-- Data --
»»

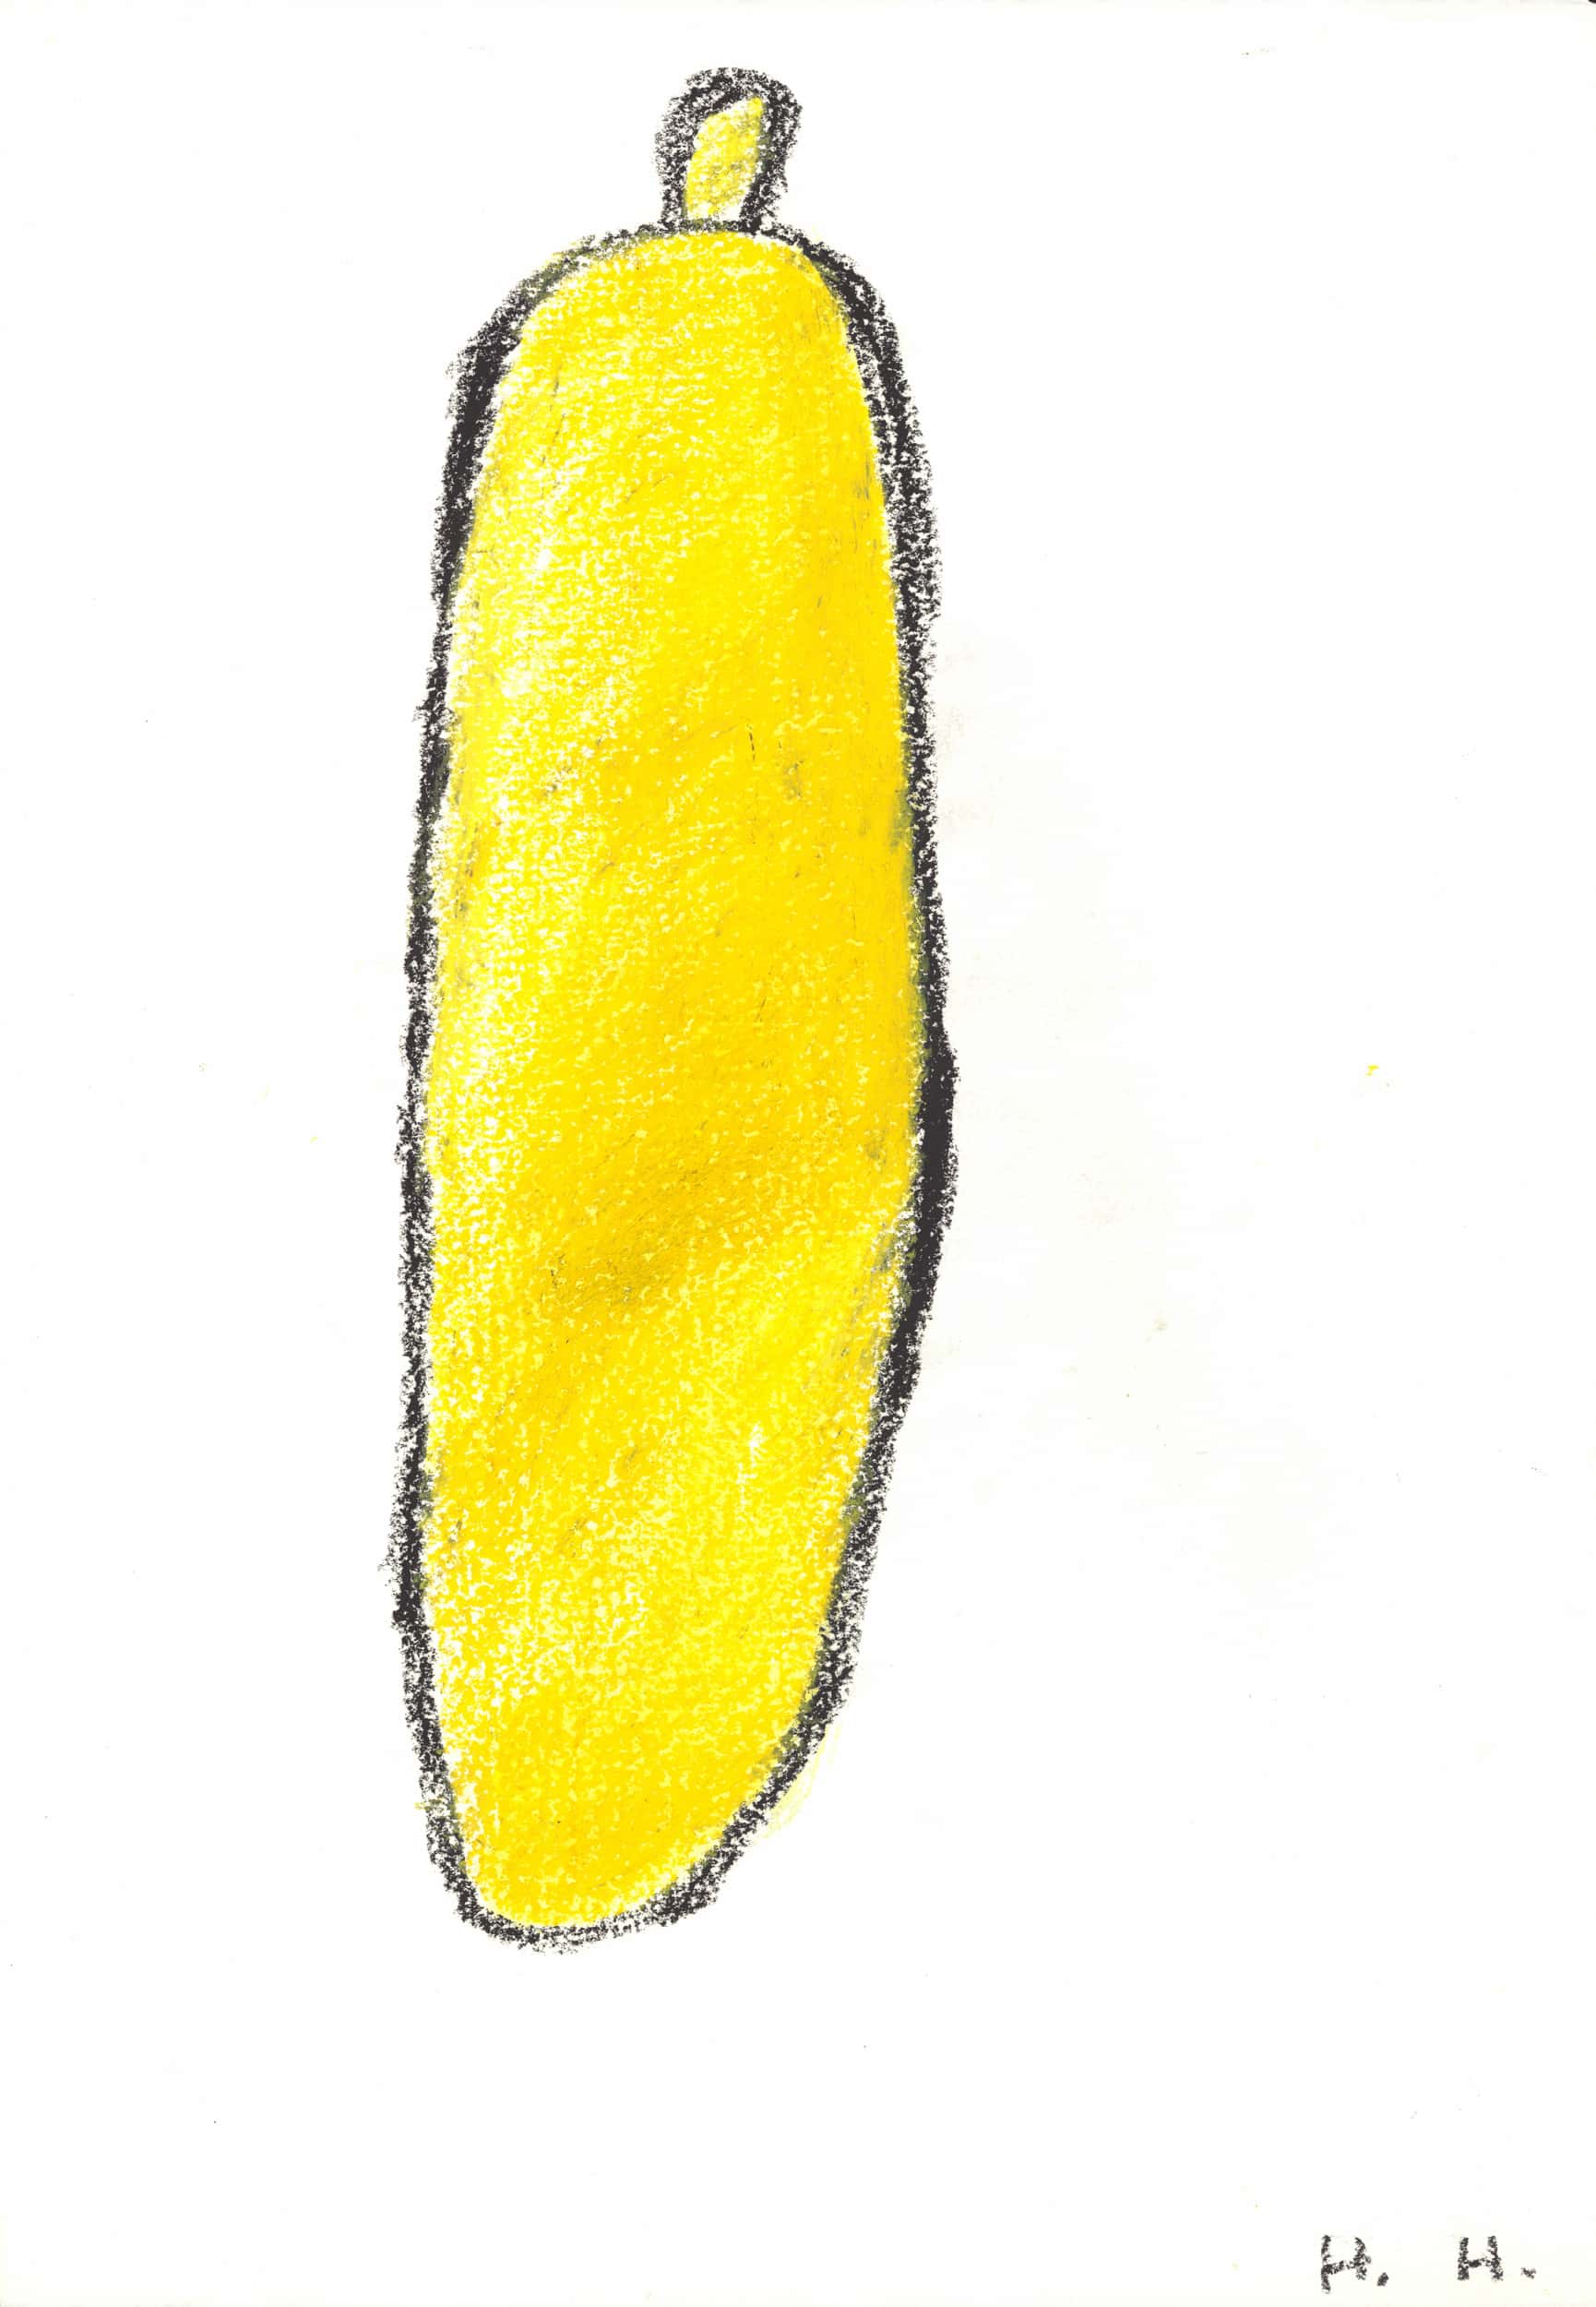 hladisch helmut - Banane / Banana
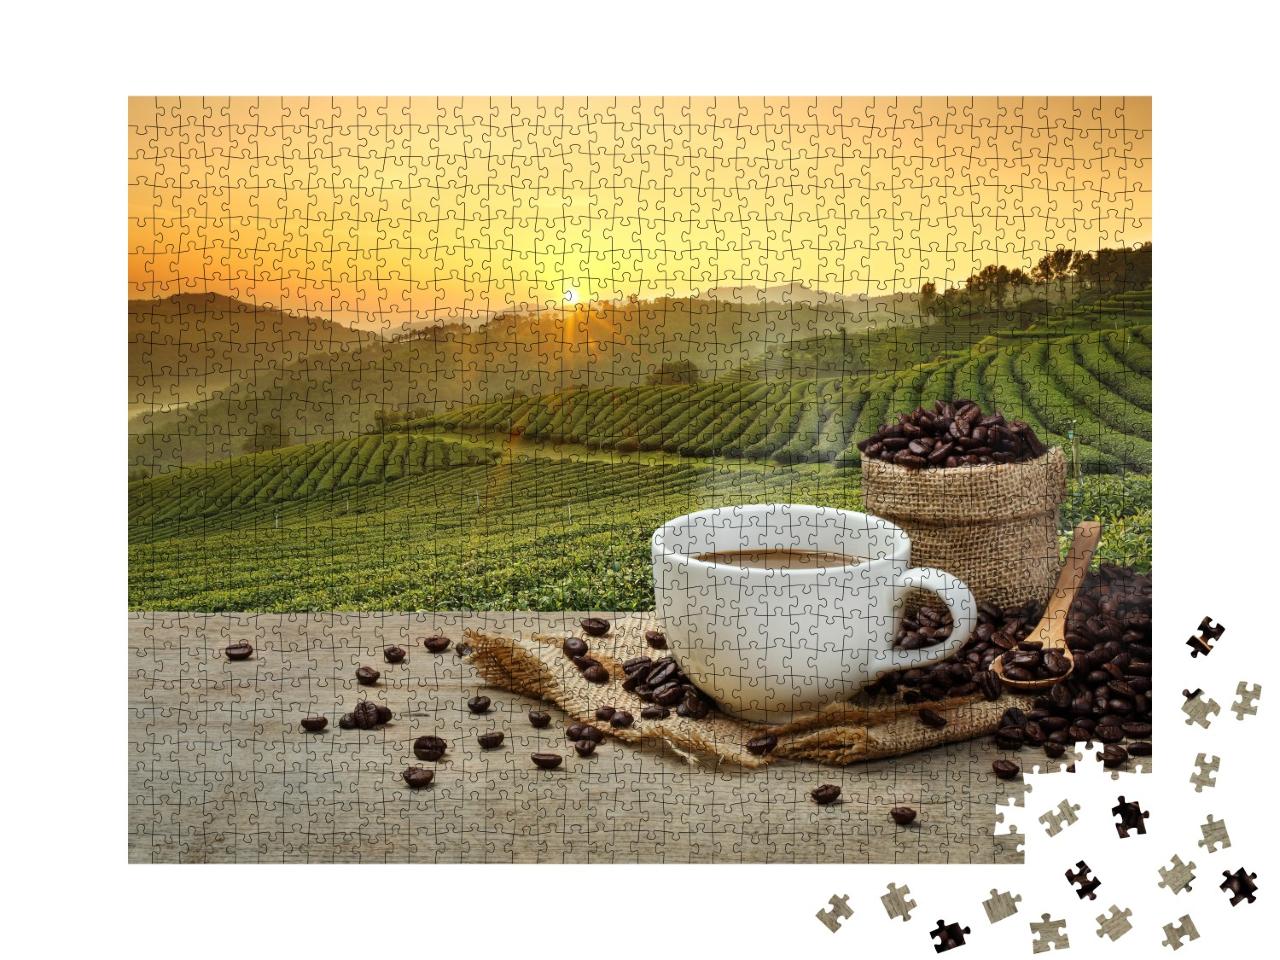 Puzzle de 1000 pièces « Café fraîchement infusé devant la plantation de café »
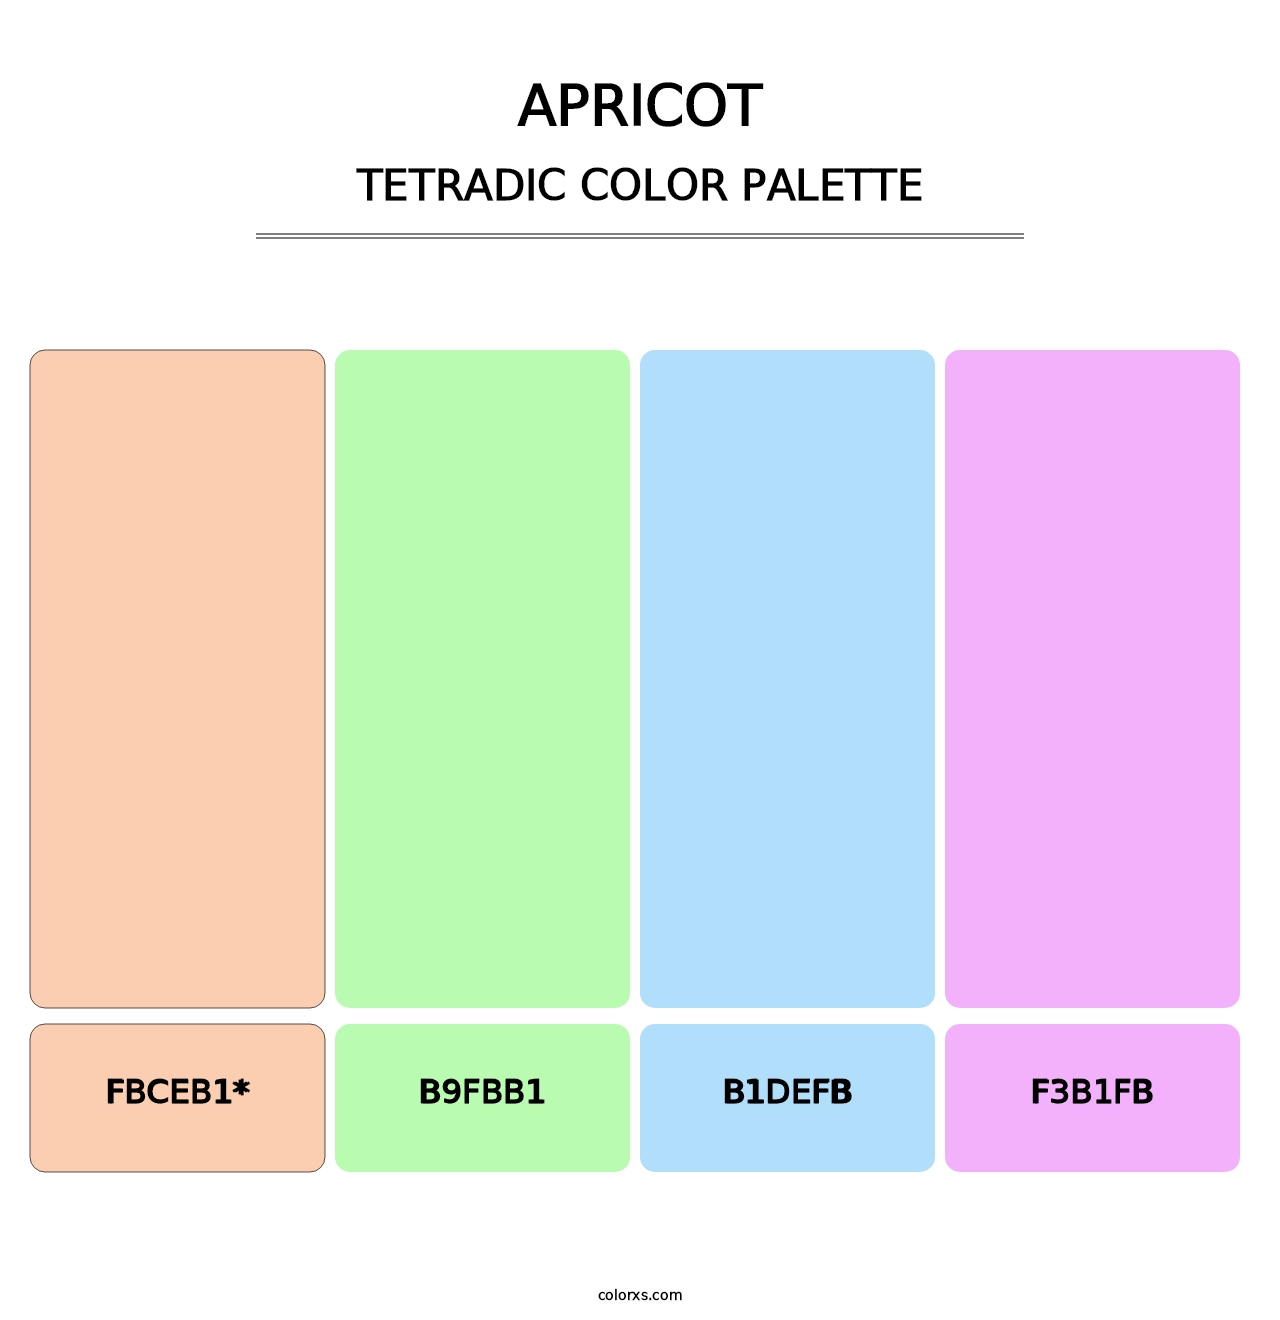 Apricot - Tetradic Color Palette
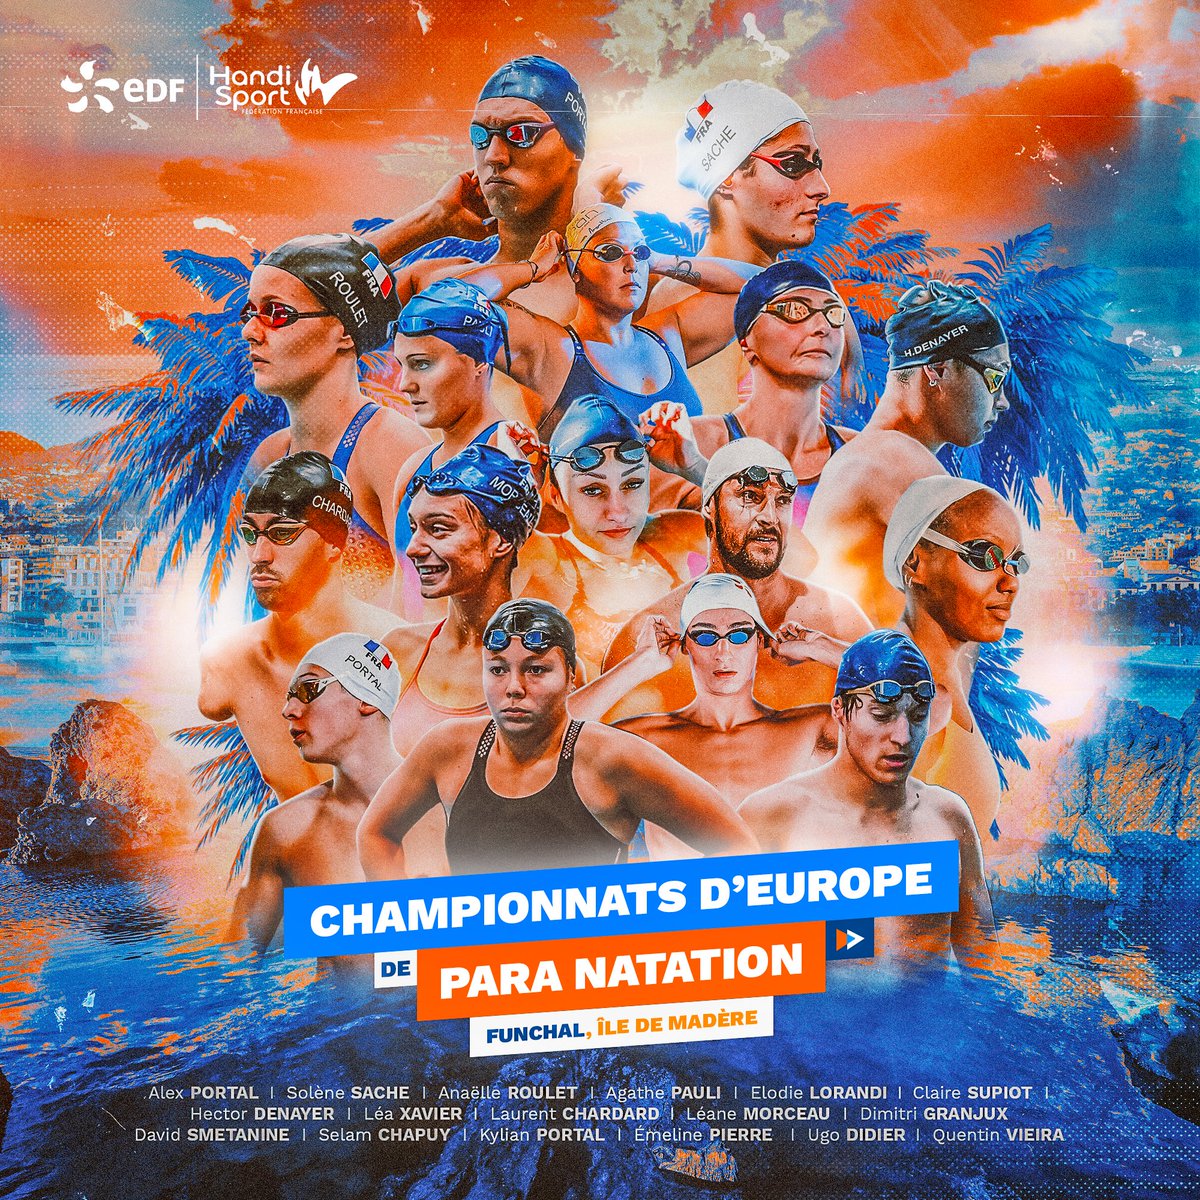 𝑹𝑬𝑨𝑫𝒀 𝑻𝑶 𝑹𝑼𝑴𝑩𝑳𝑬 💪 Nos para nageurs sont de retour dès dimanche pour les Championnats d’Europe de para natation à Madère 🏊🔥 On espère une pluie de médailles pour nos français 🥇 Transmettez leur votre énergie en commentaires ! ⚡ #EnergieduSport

««

-- Exercise goal --
When you return the listing, keep each line exact and leave the pictures out.

-- Result of this task --
 hladisch helmut - Banane / Banana
 Puzzle de 1000 pièces « Café fraîchement infusé devant la plantation de café »
 Apricot - Tetradic Color Palette
 𝑹𝑬𝑨𝑫𝒀 𝑻𝑶 𝑹𝑼𝑴𝑩𝑳𝑬 💪 Nos para nageurs sont de retour dès dimanche pour les Championnats d’Europe de para natation à Madère 🏊🔥 On espère une pluie de médailles pour nos français 🥇 Transmettez leur votre énergie en commentaires ! ⚡ #EnergieduSport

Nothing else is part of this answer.